TASK DIRECTIONS - Leave out any pictures and transcribe all other data below exactly.

PROVIDED MATERIAL -

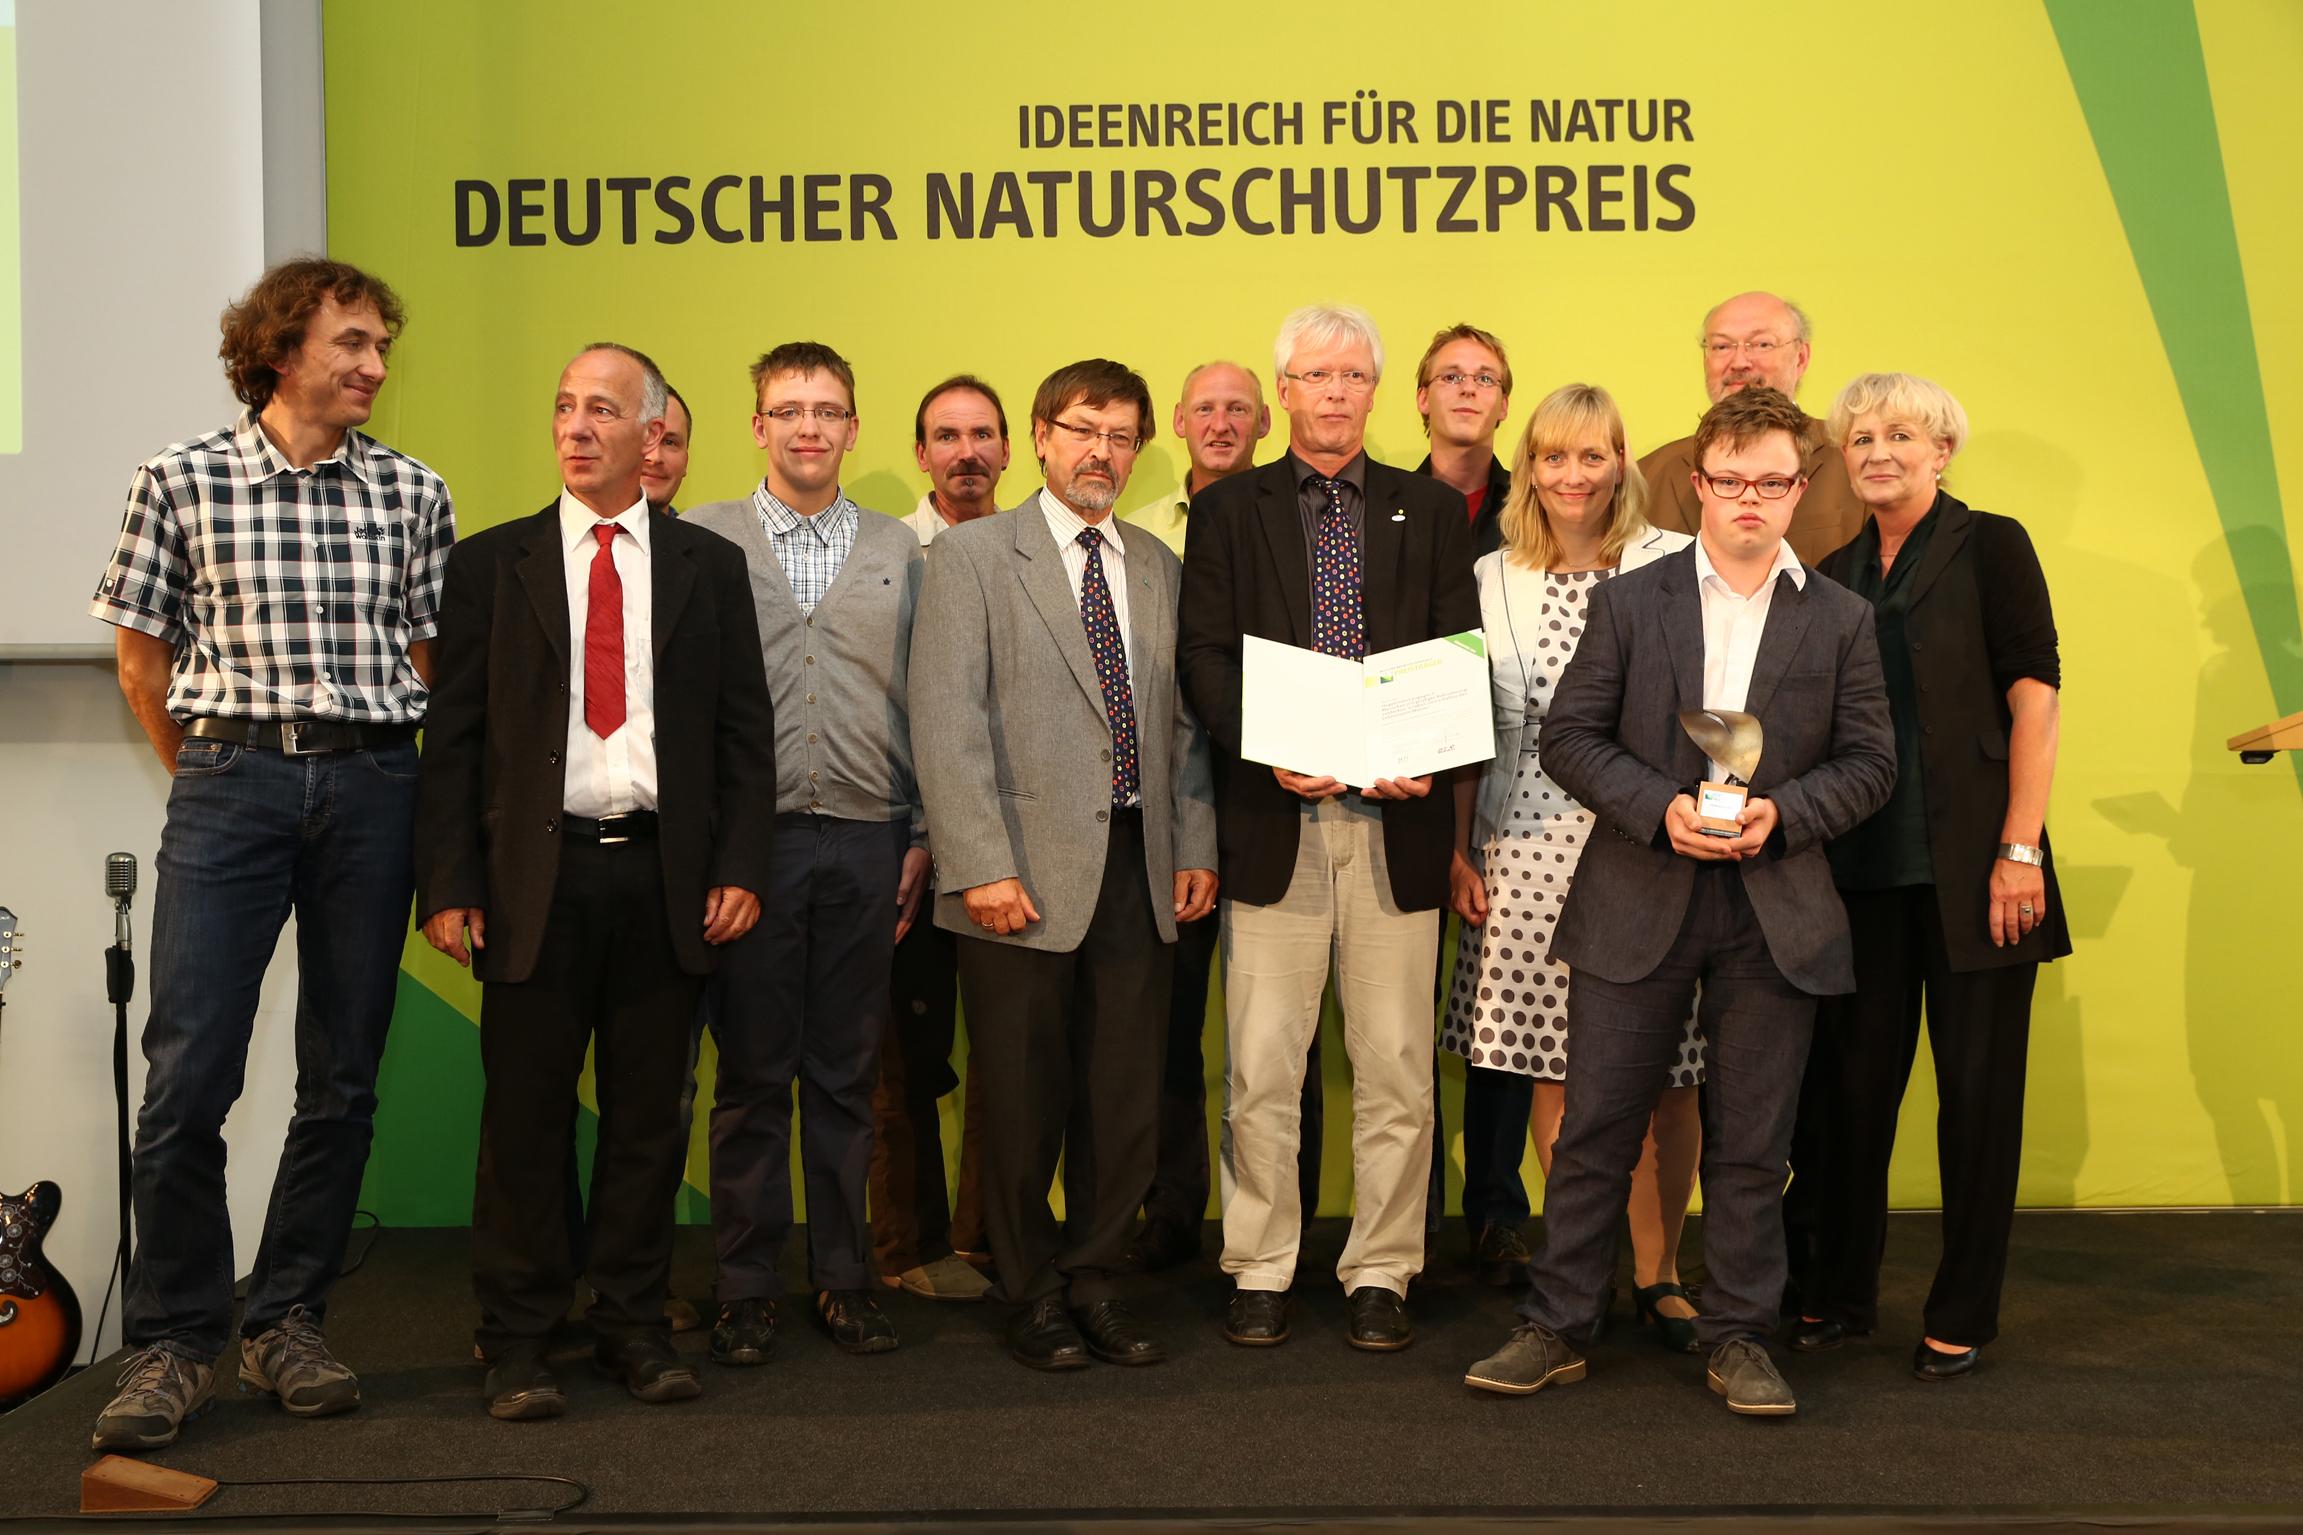 Die Projektpartner bei der Verleihung des Deutschen Naturschutzpreises mit Laudator Prof. Manfred Niekisch, Christian Brandt und Prof. Beate Jessel © Bundesamt für Naturschutz
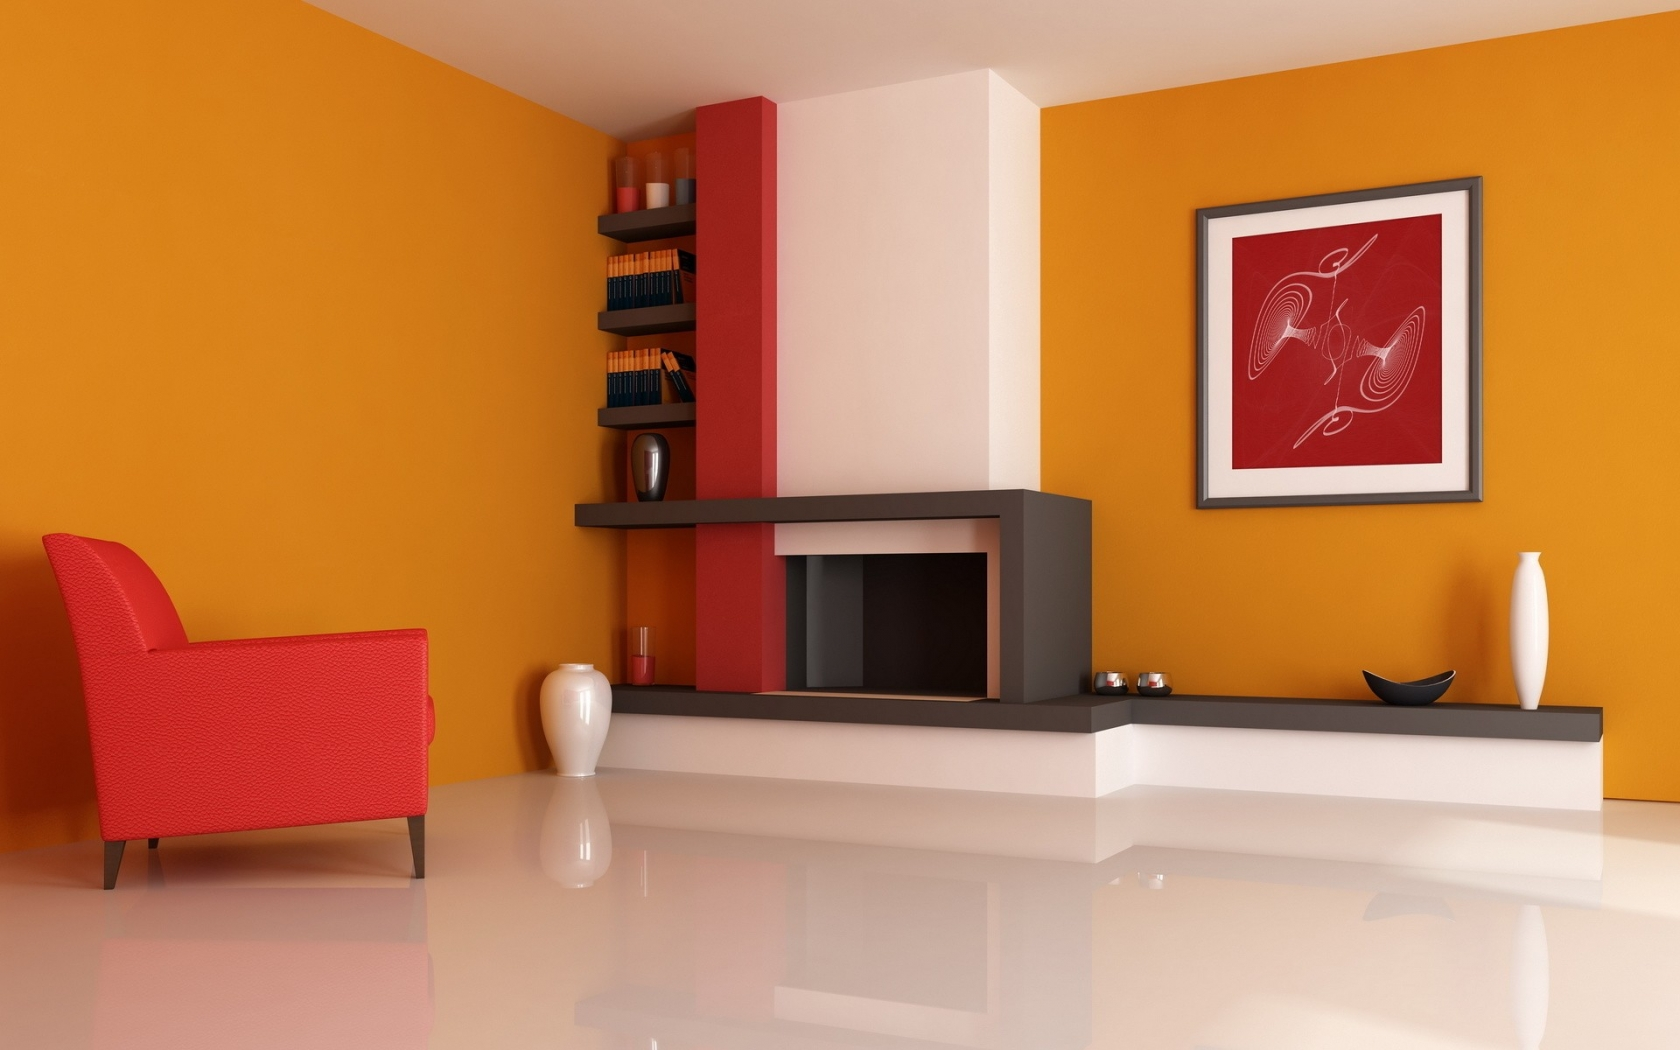 Decoración de una casa - 1680x1050
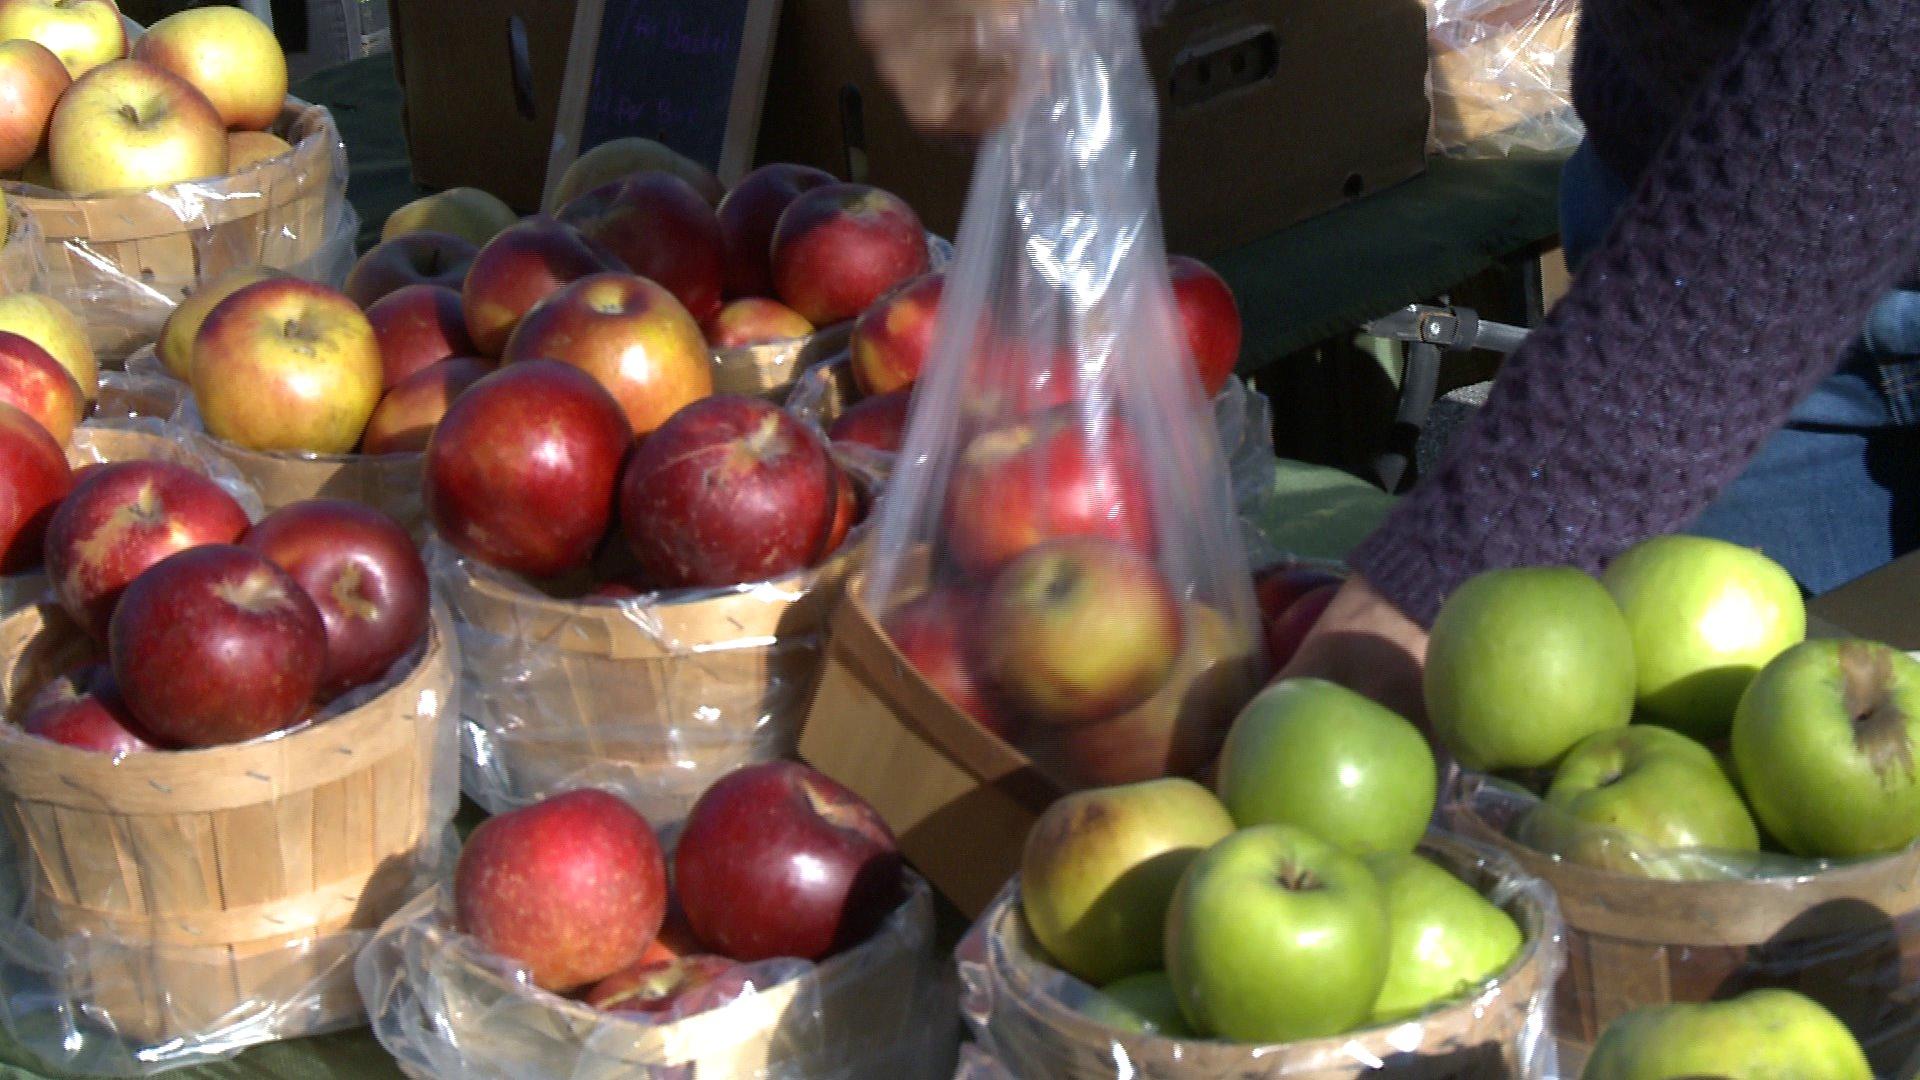 fayetteville farmers market

TASK SOLUTION -
 Die Projektpartner bei der Verleihung des Deutschen Naturschutzpreises mit Laudator Prof. Manfred Niekisch, Christian Brandt und Prof. Beate Jessel © Bundesamt für Naturschutz
 Decoración de una casa - 1680x1050
 fayetteville farmers market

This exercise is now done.